Table: ``Filtered'' source code size for various Flask components and the number of discrete locations in the base Fluke code that were modified. This count of source code lines filters out comments, blank lines, preprocessor directives, and punctuation-only lines, and typically is 1/4 to 1/2 the size of unfiltered code. The network server count includes the ISAKMP and IPSEC distributions, counting as modifications all Flask-specific changes to them and the base Fluke network component.
Component Fluke LOC +Flask %Incr. #Locs. %Locs.
Kernel 9271 1795 19.3 258 2.4
FFS 21802 1342 6.2 14 .06
Proc. Mgr 925 196 21.2 85 9.2
Net Server 24549 1071 4.4 224 9.1
Total 58435 4575 7.8 647 1.1

In Table 7 we present data that give a rough estimate of the scale and complexity of adding fine-grained security enforcement to the base Fluke components. Overall, the Fluke components increased in size less than 8%. Although the kernel increased the most at 19%, for large object managers the percentage is reassuringly small (4-6%). Of these modifications, we examined the magnitude of changes involved by classifying each changed location as ``trivial'' changes (e.g., one-line changes, #define changes, name or parameter changes, etc.) or ``non-trivial.'' For the process manager, 57% of the changes fell into the trivial category. For the kernel, a similar percentage of the changes were trivial, 61%, despite the fact that the kernel is an order of magnitude larger and more complicated than the process manager.
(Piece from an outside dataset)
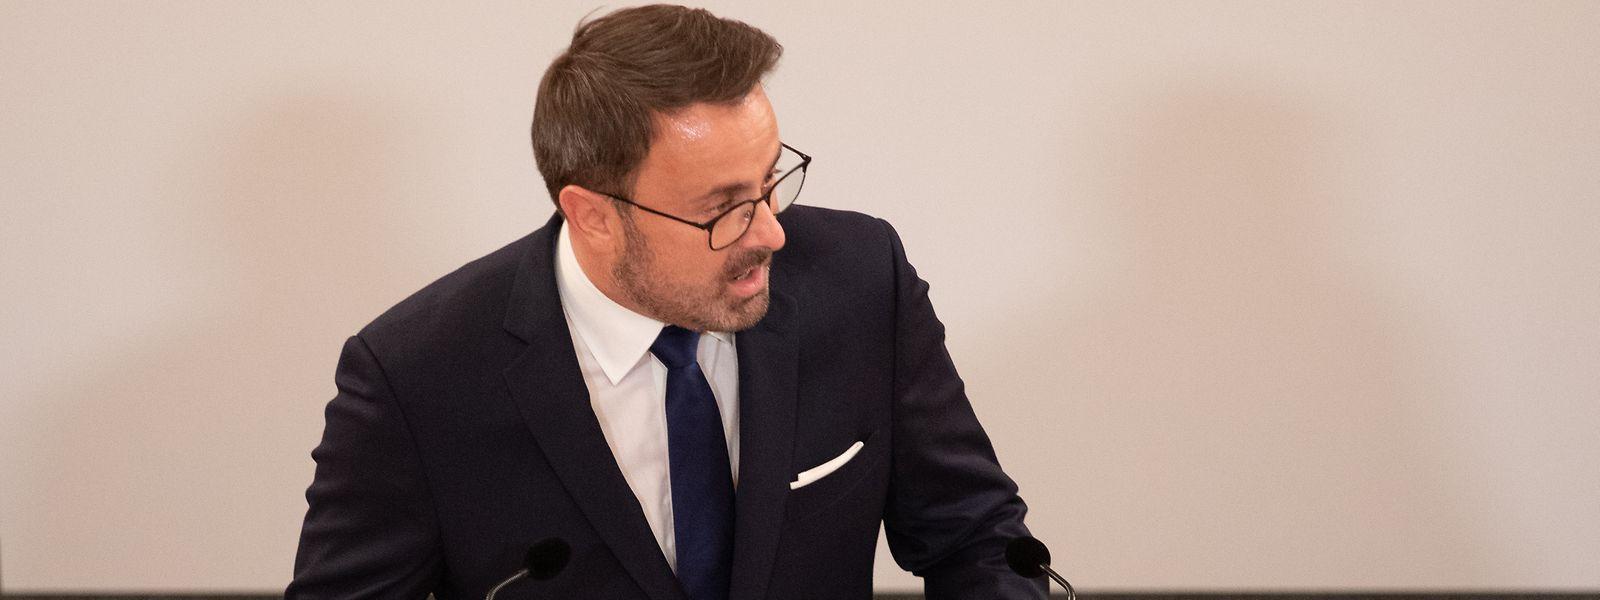 Le Premier ministre Xavier Bettel n'a pas évoqué que la crise du covid-19 dans son discours sur l'état de la Nation ce mardi

The changes required to implement the Flask security architecture did not involve any modifications to the existing Fluke API. Extended calls were added to the existing API to permit security-aware applications to use the additional security functionality, such as the client and server identification support. All applications that run on the base Fluke system can be executed unchanged on Flask.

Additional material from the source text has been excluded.